VPC Endpoint Architecture
graph LR
ECS["ECS Fargate<br/>(Private Subnet)"]
VPCE_B["VPC Endpoint<br/>Bedrock<br/>(Interface)"]
VPCE_D["VPC Endpoint<br/>DynamoDB<br/>(Gateway)"]
VPCE_O["VPC Endpoint<br/>OpenSearch<br/>(Interface)"]
VPCE_S["VPC Endpoint<br/>S3<br/>(Gateway)"]
VPCE_CW["VPC Endpoint<br/>CloudWatch<br/>(Interface)"]
BEDROCK["Bedrock Runtime"]
DDB["DynamoDB"]
OS["OpenSearch Serverless"]
S3["S3"]
CW["CloudWatch"]
ECS -->|"Private DNS"| VPCE_B --> BEDROCK
ECS -->|"Route Table"| VPCE_D --> DDB
ECS -->|"Private DNS"| VPCE_O --> OS
ECS -->|"Route Table"| VPCE_S --> S3
ECS -->|"Private DNS"| VPCE_CW --> CW
style ECS fill:#3498db,color:#fff
style VPCE_B fill:#9b59b6,color:#fff
style VPCE_D fill:#9b59b6,color:#fff
style VPCE_O fill:#9b59b6,color:#fff
style VPCE_S fill:#9b59b6,color:#fff
style VPCE_CW fill:#9b59b6,color:#fff
style BEDROCK fill:#ff9900,color:#000
style DDB fill:#ff9900,color:#000
style OS fill:#ff9900,color:#000
style S3 fill:#ff9900,color:#000
style CW fill:#ff9900,color:#000
Measured Latency Improvement
| Service | Via NAT Gateway (p95) | Via VPC Endpoint (p95) | Improvement | Endpoint Type |
|---|---|---|---|---|
| Bedrock Runtime | 45ms network overhead | 30ms network overhead | -15ms (-33%) | Interface |
| DynamoDB | 18ms | 8ms | -10ms (-56%) | Gateway (free) |
| OpenSearch Serverless | 72ms | 60ms | -12ms (-17%) | Interface |
| S3 | 15ms | 8ms | -7ms (-47%) | Gateway (free) |
| CloudWatch Logs | 12ms | 6ms | -6ms (-50%) | Interface |
| Per-request total | ~162ms overhead | ~112ms overhead | -50ms (-31%) |
Cost Analysis
| Item | Monthly Cost |
|---|---|
| NAT Gateway (before): data processing @ $0.045/GB, 500GB/month | $22.50 + $32.40 (hourly) = ~$55 |
| VPC Interface Endpoints (3 endpoints x 2 AZs): $0.01/hr each | $43.80 |
| VPC Gateway Endpoints (DynamoDB, S3) | Free |
| Net savings | ~$11/month + 50ms latency |
At MangaAssist scale, the cost difference is negligible.
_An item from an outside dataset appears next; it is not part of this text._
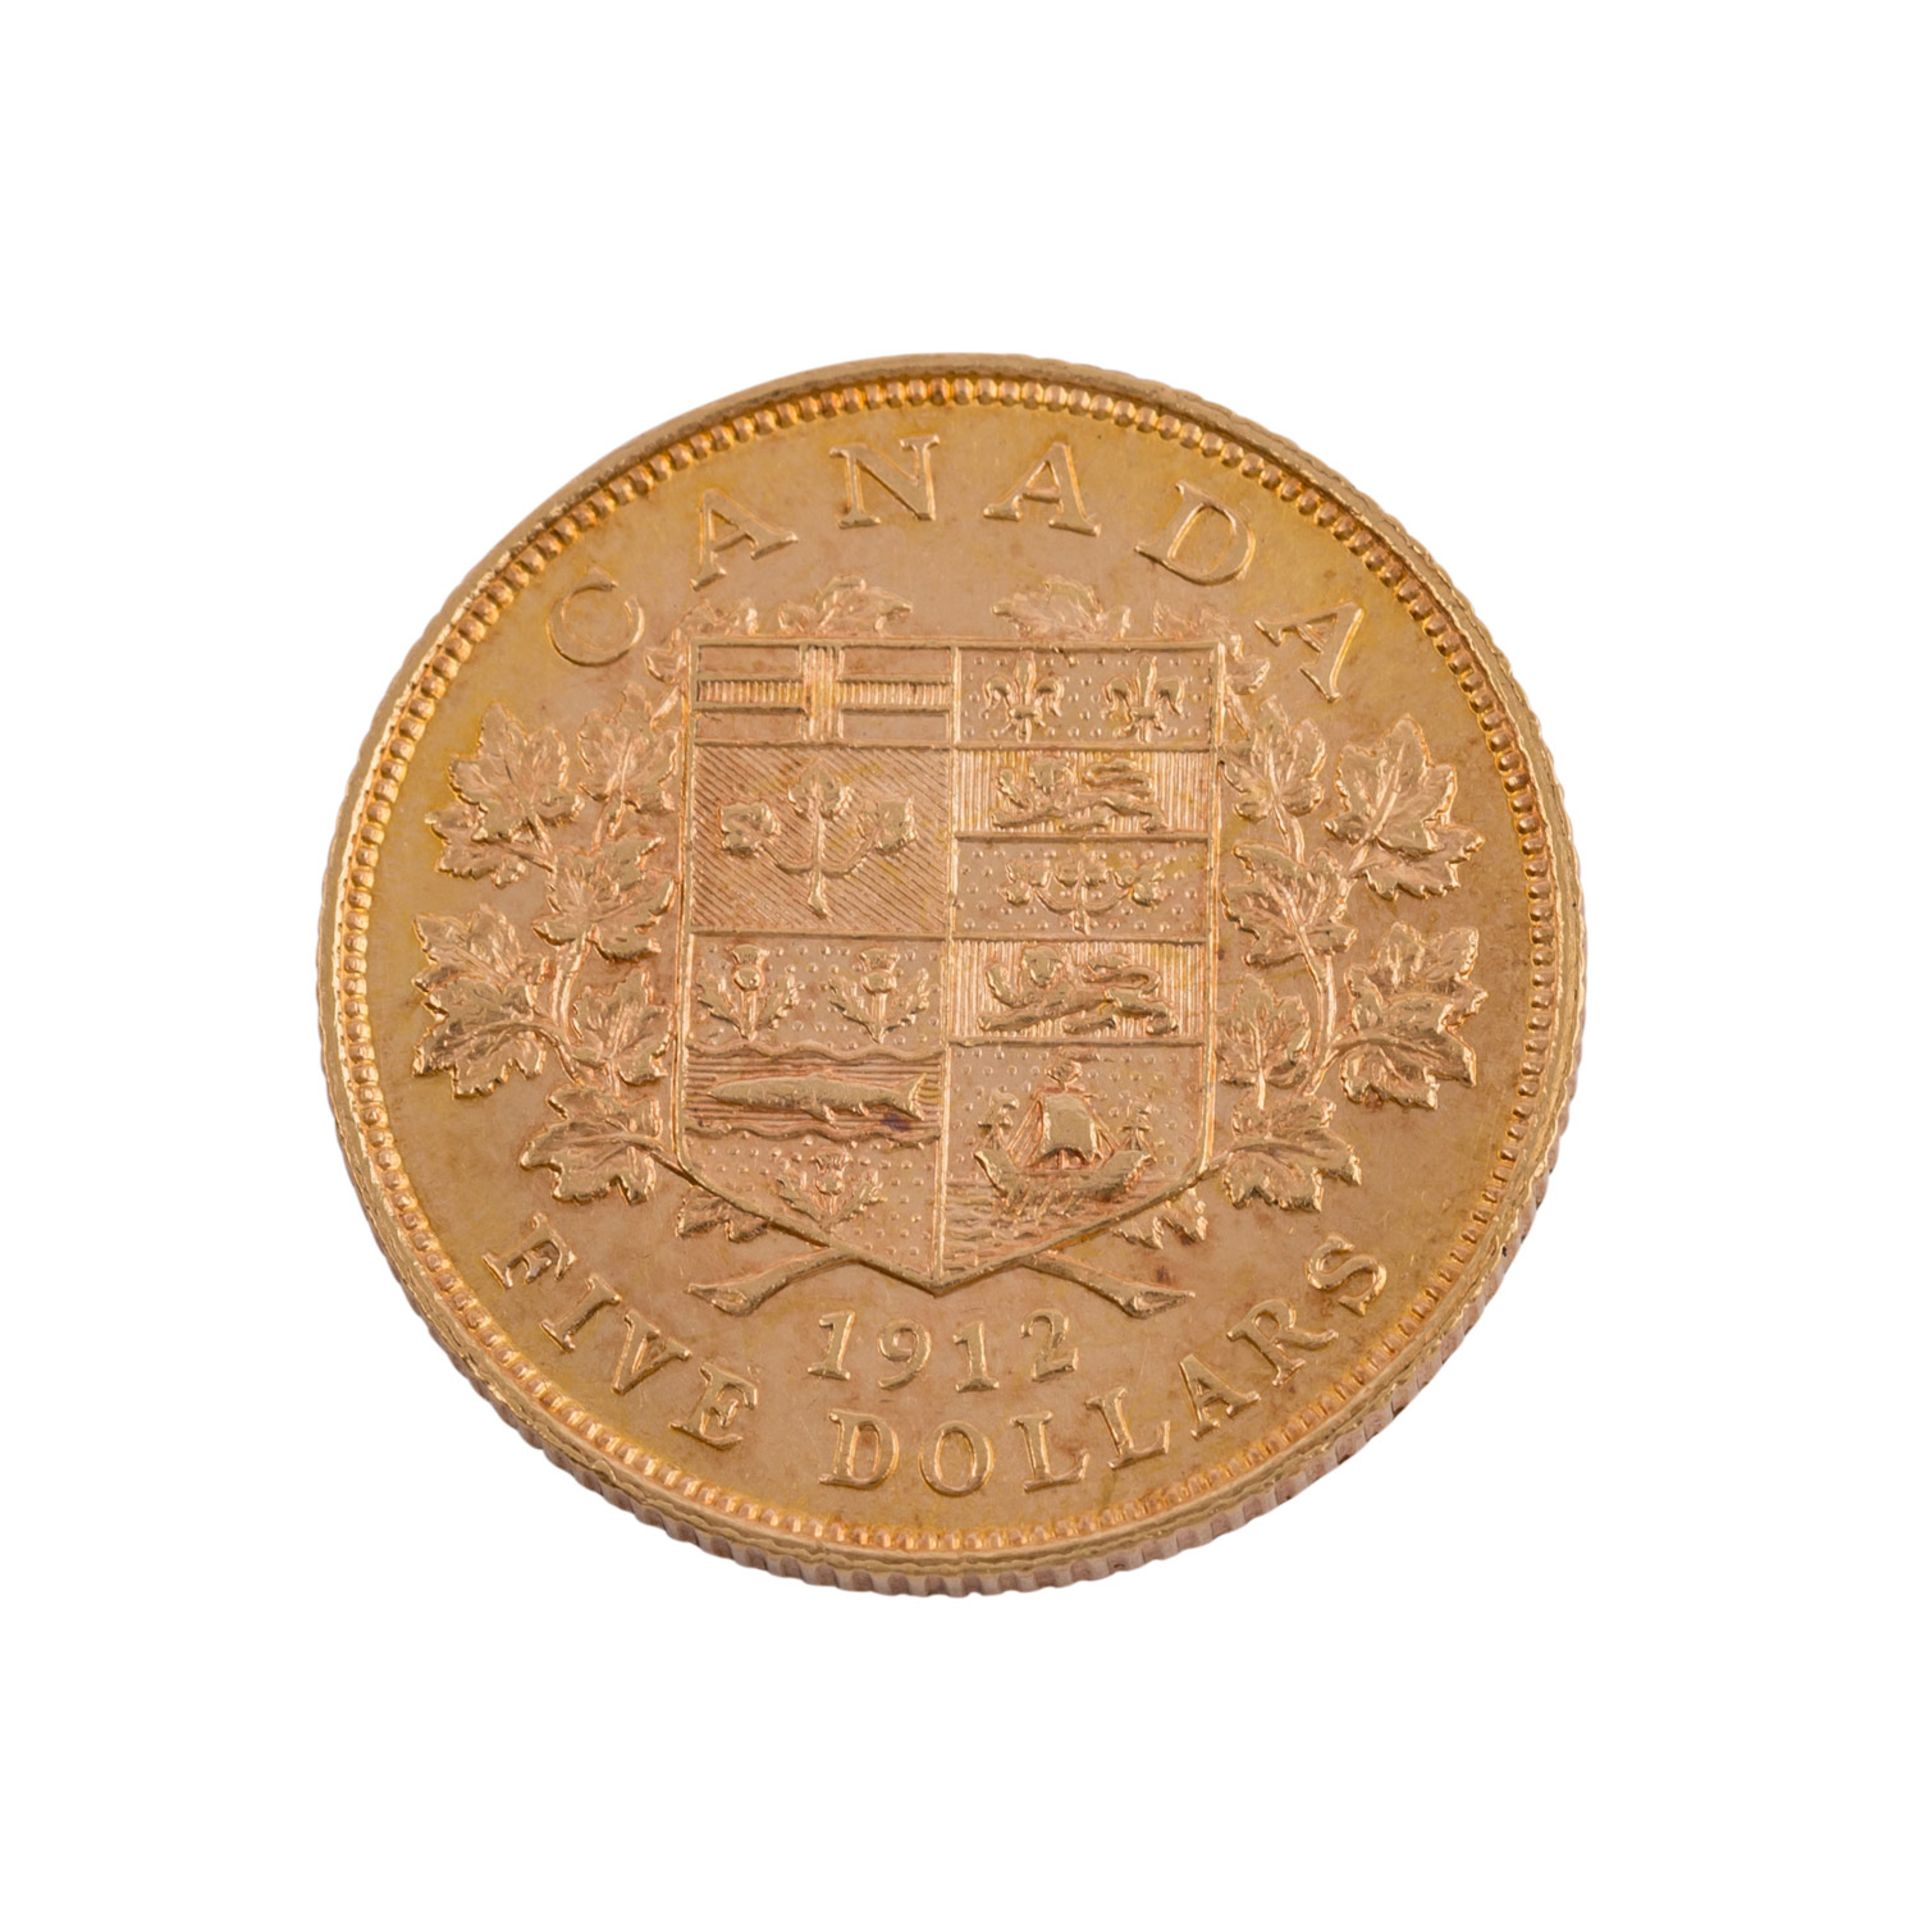 Kanada - 5 Dollars 1912, Georg V.,ca. 7,52 g fein, ssCanada - 5 Dollars 1912, George V., ca. 7.52 - Bild 2 aus 2

The latency improvement is the primary driver.
3. Payload Optimization
Request Payload Minimization
Every byte sent to Bedrock, OpenSearch, or DynamoDB adds serialization time, network transit time, and deserialization time.
Bedrock prompt payload:
| Approach | Payload Size | Serialization Time |
|---|---|---|
| Full conversation history (20 turns) | ~12 KB | 2.1ms |
| Pruned to last 5 turns + summary | ~3.5 KB | 0.6ms |
| Compressed (gzip) | ~1.2 KB | 0.3ms + 0.2ms decompress |
OpenSearch response payload:
| Approach | Response Size | Deserialization Time |
|---|---|---|
| All fields (25 fields per doc, 5 docs) | ~8 KB | 1.8ms |
| Selected fields (6 fields per doc, 5 docs) | ~1.6 KB | 0.4ms |
Compression for Large Context
When conversation history is long (10+ turns), MangaAssist applies compression before caching and decompresses on retrieval:
Original session context: 15,200 bytes
Gzip compressed: 3,800 bytes (75% reduction)
Compression time: 0.3ms
Decompression time: 0.1ms
Redis storage savings: 75%
Network transit savings: ~2ms per cache operation
Net benefit: 0.4ms compression overhead vs. 2ms network savings = 1.6ms net gain per cache operation.
4. Async Patterns
Fire-and-Forget for Non-Critical Operations
MangaAssist classifies operations as critical-path (must complete before response) and non-critical (can complete after response starts streaming).
graph TB
subgraph "Critical Path (blocks response)"
A1[Cache Lookup]
A2[Vector Search]
A3[Session Load]
A4[Bedrock Invoke]
A5[Guardrails Check]
end
subgraph "Non-Critical (fire-and-forget)"
B1[Cache Write]
B2[Session Update]
B3[Analytics Emit]
B4[Audit Log Write]
B5[Feedback Signal]
end
A4 -->|"Response ready"| STREAM[Stream to Client]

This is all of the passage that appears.